Significantly enhanced mechanical quality factor of acceptor-doped quadruple point composition in lead-free Ba(Zr,Ti)O3 ceramics

Abstract

High mechanical quality factor (Q_m) is crucial in high-power applications of piezoelectric ceramics because it affects key performance parameters such as sensitivity, efficiency, and stability of devices. Acceptor doping has been the state-of-the-art approach to improve Q_m. In the past few decades, many previous research has focused on acceptor doping at the phase boundary to achieve high-performance piezoelectric ceramics. Here, we found that compared with the acceptor-doped phase boundary compositions, the acceptor-doped quadruple point composition can achieve significantly enhanced Q_m.
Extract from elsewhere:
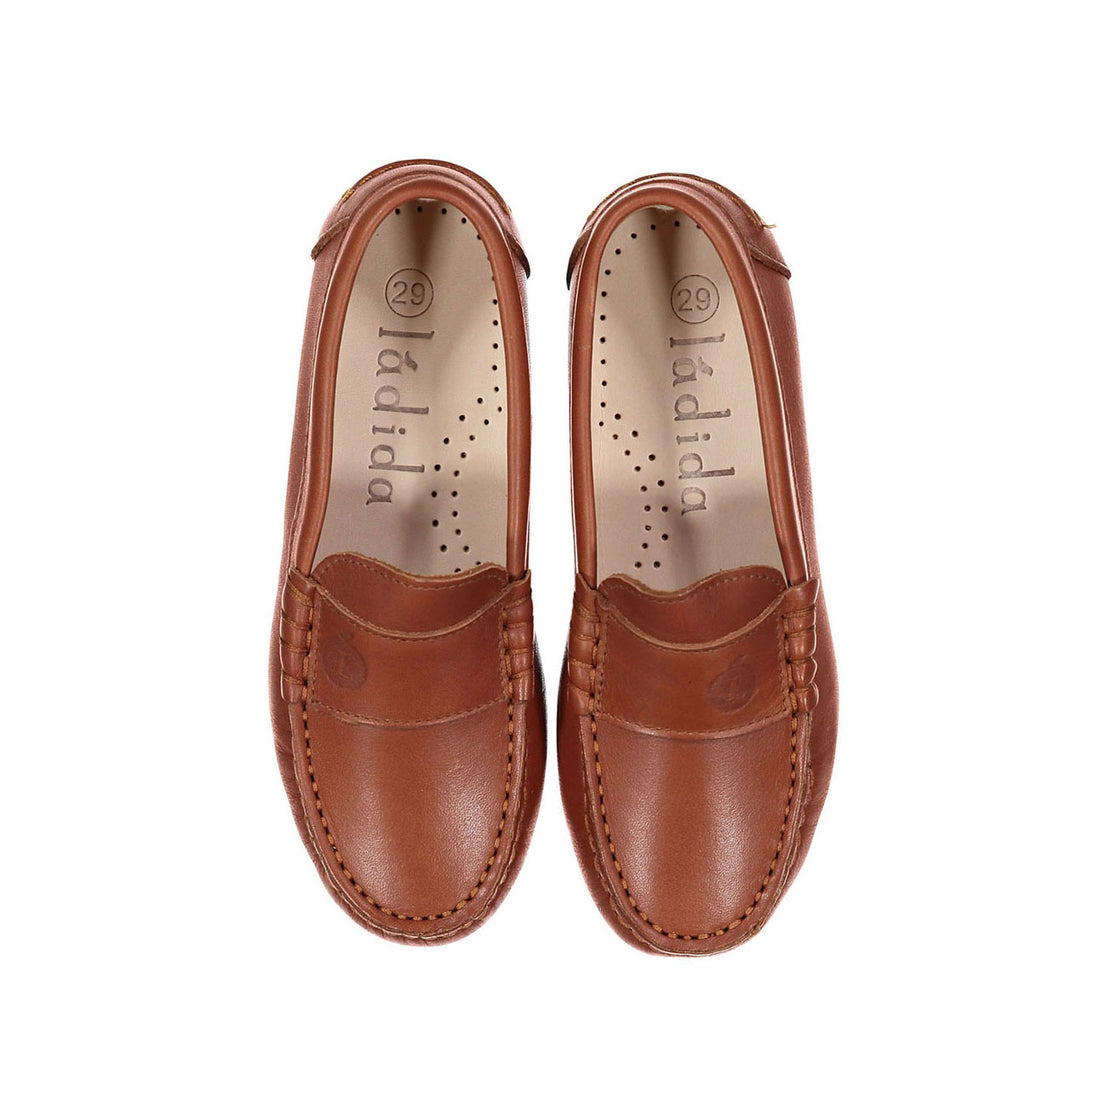 Ladida Luggage Brown Leather Loafer

The optimal Q_m value is up to 1100, which is three times higher than the Q_m (approximately 254) obtained in the acceptor-doped phase boundary composition, and also higher than the Q_m obtained in the acceptor-doped single-phase region compositions. Piezoresponse force microscopy (PFM) characterization reveals that the pinning effect induced by defect dipoles is more pronounced in the acceptor-doped quadruple point composition compared with the acceptor-doped phase boundary composition, resulting in reduced domain mobility and enhanced Q_m. This work provides new insights into the design of lead-free and lead-based piezoelectric materials with high mechanical quality factors.